At least one person took this seriously—or seriously enough to put MiracleWhip’s WhipCoin mockup through a 3-D printer. You can see all the stages of the process in this thread.
The condiment brand responded by offering to give the coin away to John Legend as a gift after the musician won an Emmy award, completing his “EGOT” honors.
Needless to say, as far as the joke went, it didn’t come close to resembling anything with an actual blockchain. Still, WhipCoin joins a growing family of fake cryptocurrencies that also includes McDonald’s MacCoin and Oscar Mayer’s Bacoin. Or, as you might call them, a sandwich.
FOMO NO MO’
Don’t miss out: Olaf Carlson-Wee, the wunderkind manager of cryptocurrency hedge fund Polychain Capital, was profiled in The Wall Street Journal this week. The story chronicles the ups and downs on the investor’s supposed quest to “prove he isn’t a one-hit wonder,” despite more than 30% losses in the fund this year, following 2303% gains in 2017. Vivid anecdotes illustrate how last year’s Bitcoin euphoria led to good times at Polychain, such as when employees, on a retreat in Mexico last fall, “skipped an iPhone back-and-forth across the pool as they debated whether the device was waterproof.” (It wasn’t.) That’s in contrast to the withdrawals and lawsuit Polychain is now facing—not that Carlson-Wee seems too worried:
In interviews, he compared his relationship with cryptocurrency to romantic love, and likened the current investment opportunity to the early days of the internet.

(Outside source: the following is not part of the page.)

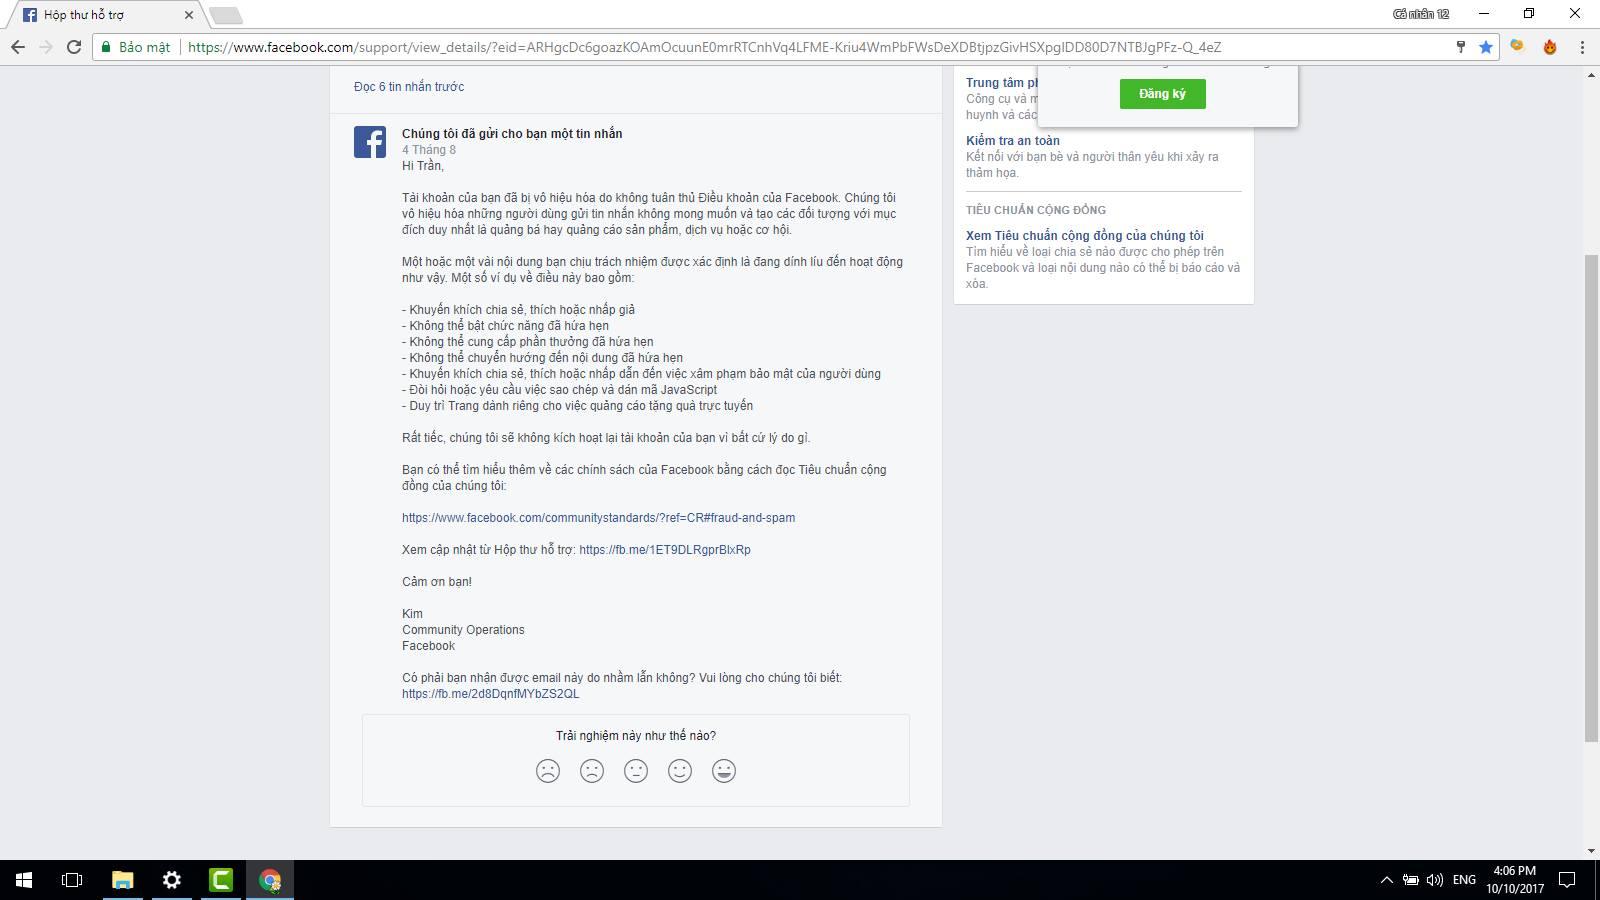 Hướng dẫn mở khóa FAQ tên giả mới nhất - image 22291424_309218452880287_5445533005940797290_o on https://atpsoftware.vn

Through each dip downward, he has continued buying, particularly stakes in businesses tied to bitcoin rivals such as the cryptocurrency ether. He manages Polychain’s roughly $650 million flagship fund—the world’s biggest in crypto—from an Apple laptop surrounded by vintage boom boxes in undisclosed, secret San Francisco warehouse offices.
“I want to emphasize how long I’ve been doing this,” says Mr. Carlson-Wee, who turned 29 last month. “This is really just like breathing in and out for me.”